Eye problems often hide in plain sight, damaging your delicate visual system before you notice any symptoms. Regular eye exams can help your eye doctor spot common eye conditions and treat them before you lose vision. Here are some of the problems he or she seeks—and the therapies that relieve them.
Nearsighted, farsighted, or both, these vision-blurring disorders affect more Americans than any other eye problem. They occur when the shape of the eye interferes with the focus of light on the retina, the light-sensitive tissue at the back of the eye. The loss of focus that comes with aging—presbyopia—also falls into this category. Glasses, contacts, or laser surgery could improve vision for 11 million people nationwide.
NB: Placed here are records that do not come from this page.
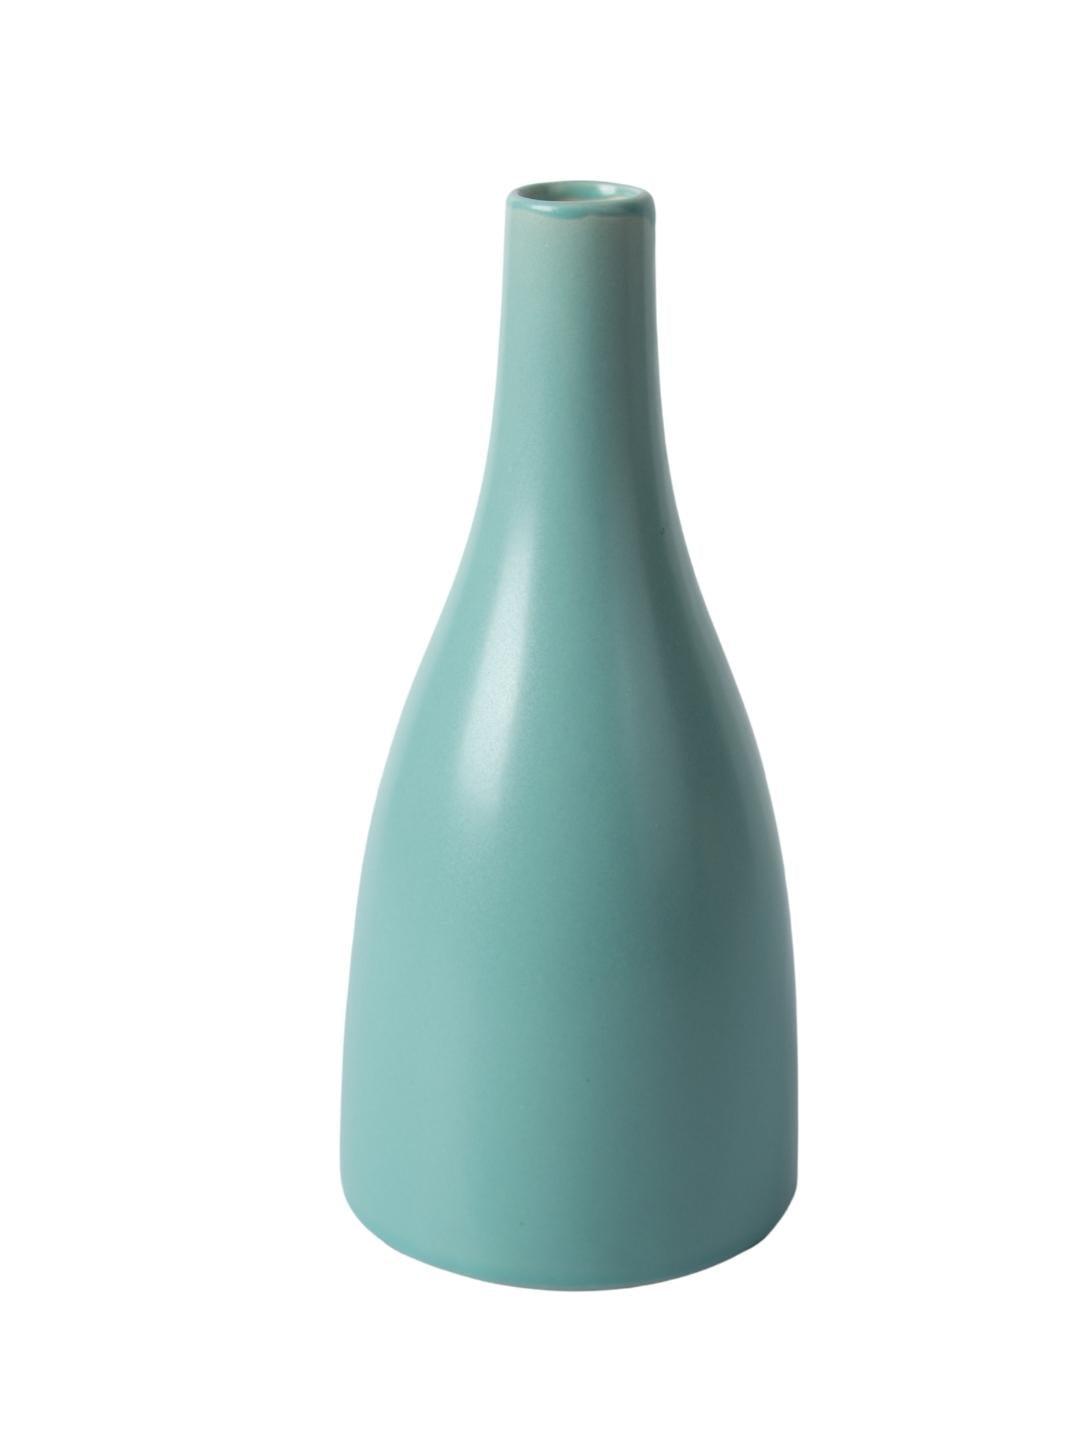 Decorative Ceramic Flower Vase - Green Bottle, Glossy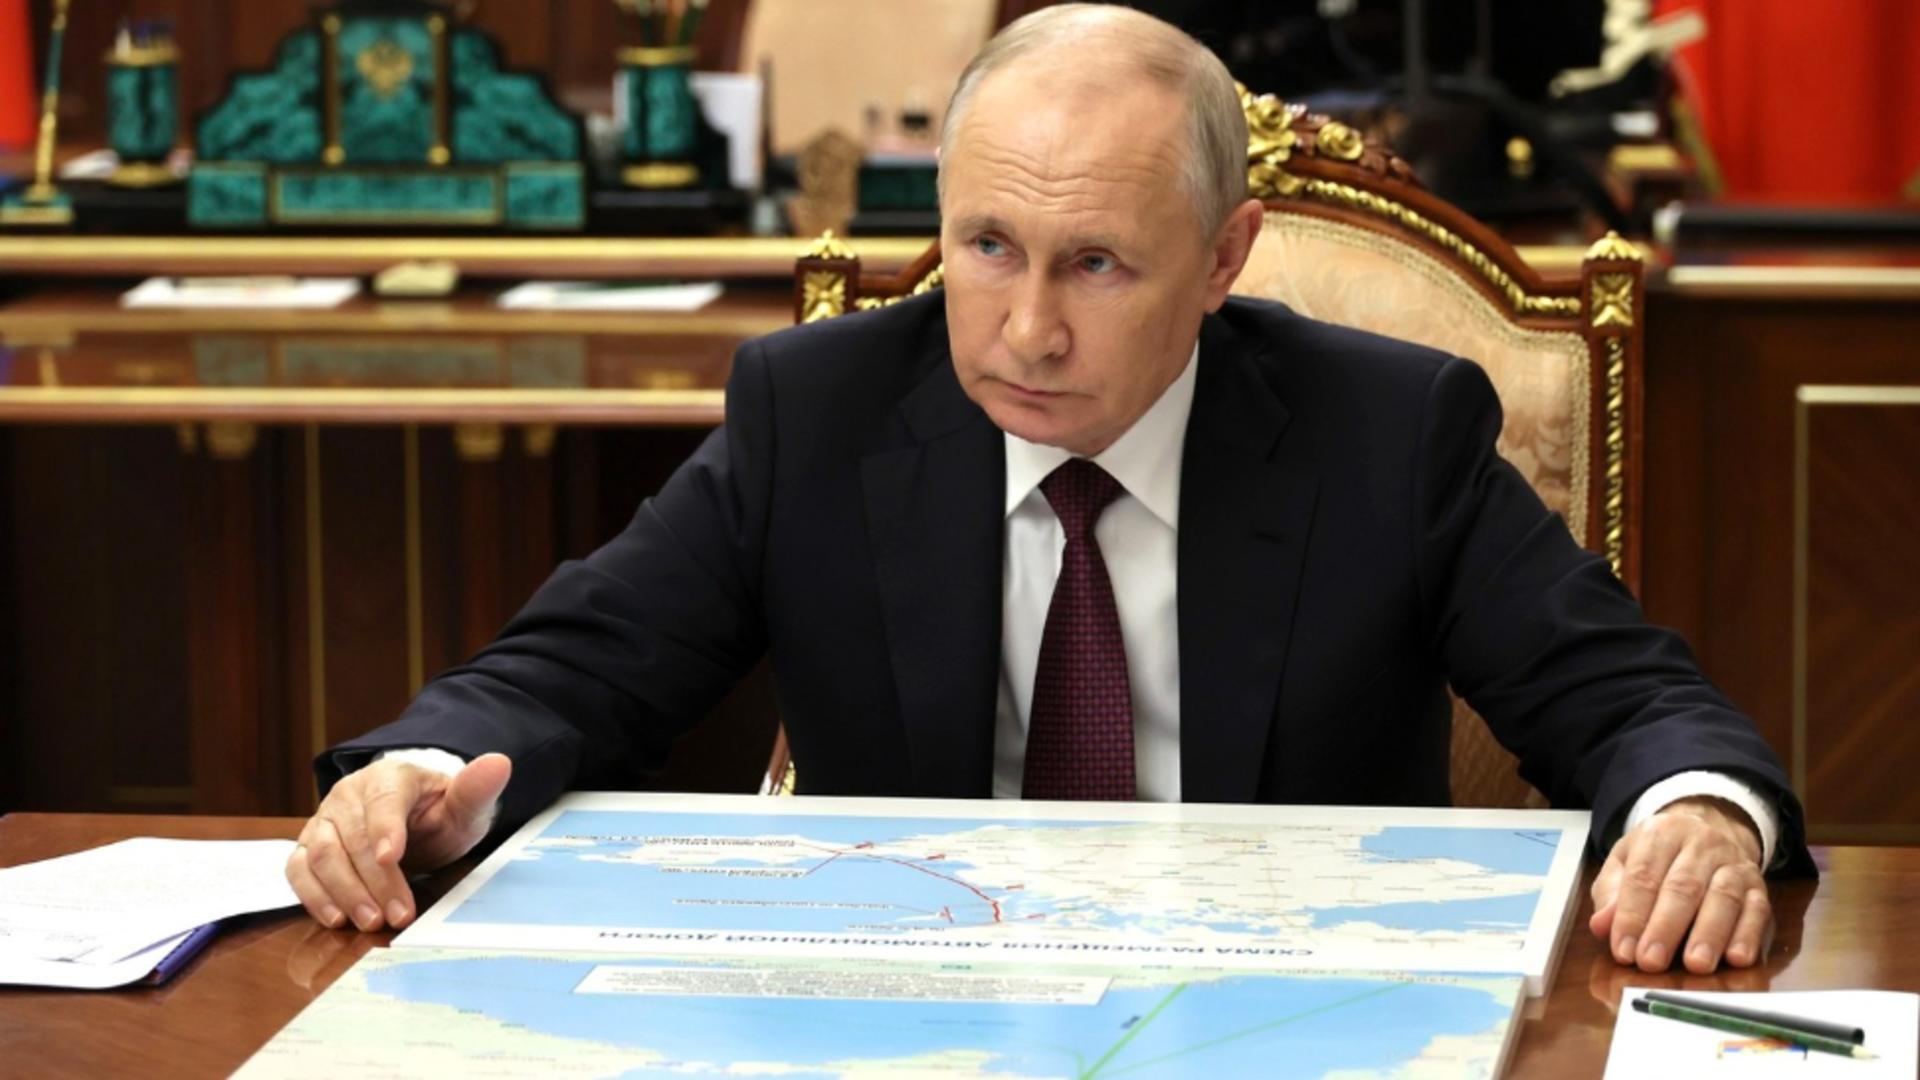 Război în Ucraina, ziua 749: Putin spune că Rusia este pregătită pentru un război nuclear, dar nu se grăbește spre el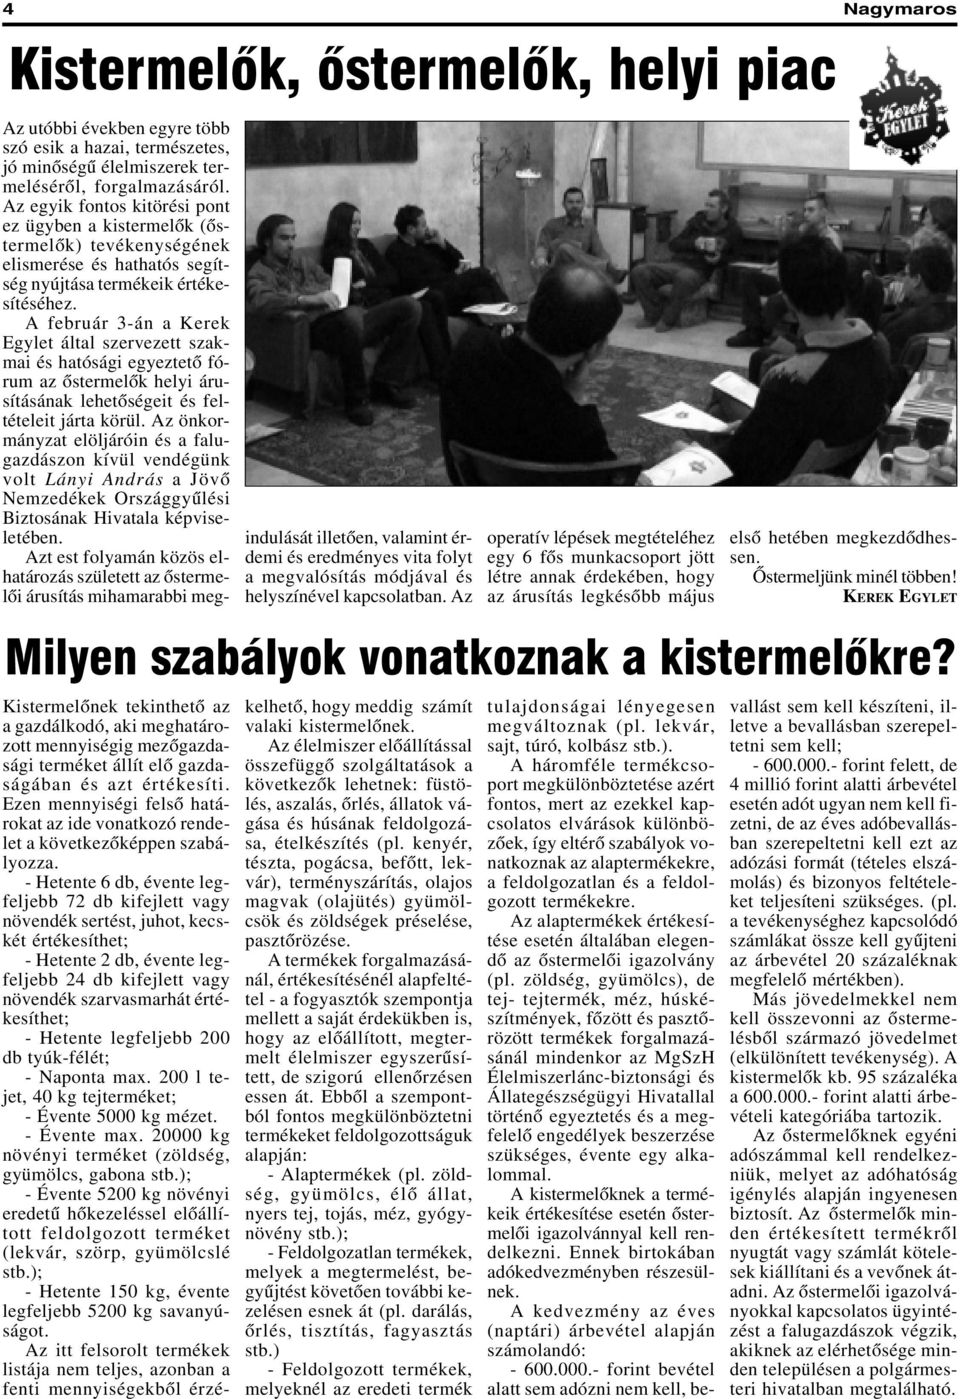 A február 3-án a Kerek Egylet által szervezett szakmai és hatósági egyeztetõ fórum az õstermelõk helyi árusításának lehetõségeit és feltételeit járta körül.

Age-related macular degeneration (AMD) causes damage to your macula—a small part of your eye responsible for sharp vision. Blurriness and dark spots may appear in the center of your vision. In one type of AMD, called wet AMD, new blood vessels grow under the macula. This makes straight lines appear wavy. Supplements, injections, or laser treatment can slow AMD’s progress and preserve your remaining sight.
Also called “lazy eye,” amblyopia is the most common vision problem in children. Communication problems between the brain and the eyes reduce vision in just one eye. This can occur because of the eye’s position or because one eye has a more severe refractive error than the other. Patches or eyedrops can temporarily weaken the strong eye, restoring balanced vision. Amblyopia should be treated during childhood.
A normal eye continually produces and leaks out a small amount of fluid each day. For reasons doctors don’t understand, people with glaucoma develop a blockage in this drainage system. Pressure builds up in the eye, damaging the optic nerve. If left untreated, glaucoma can blind you. But comprehensive eye exams can catch it early and eyedrops or other treatments protect your sight.
Your retinas contain many tiny blood vessels. If your blood sugar stays high over time, these vessels swell and weaken, interfering with your vision. You might not notice this at first—that’s why everyone with diabetes should have a complete eye exam yearly. Over time, you might see spots, flashing lights, or lose part or all of your vision.
Allergies occur when the tissues in your eyes react to something in the air around you. Pollen, mold, and dust often trigger this response. Your eyes then produce a substance called histamine, which causes redness, itching, teariness, and burning. Avoiding allergens—for instance, by checking pollen counts before heading outside—and using special eyedrops can ease your symptoms.
Like the lens of a camera, your eye’s lens focuses your vision. Clumps of protein called cataracts cloud your lenses, blurring the images that reach your brain. Most cataracts occur with aging. But they can also develop after eye surgery, as a result of eye injuries, or even before birth. If cataracts interfere with your daily life, you can have surgery to remove the cloudy lens and replace it with an artificial one.
Pink, itchy eyes serve as the hallmark sign of this common infection. More properly called conjunctivitis, it affects the conjunctiva, the thin, clear tissue that lines your eyelid and the whites of your eyes. Viruses, bacteria, allergens and irritants, such as smog, can cause pink eye. Viral and bacterial pink eye spread quickly from person to person. In most cases, the infection clears up over time. For severe cases caused by bacteria, you may need an antibiotic.
With each blink, lubricating tears spread over the surface of your eye. But for a variety of reasons, some people don’t produce enough tears or their tears evaporate too quickly. Dry eye can feel like there’s something in your eye, or you may feel a scratching sensation. Drops, medications, and changes to your lifestyle—like cutting back on screen time—can help.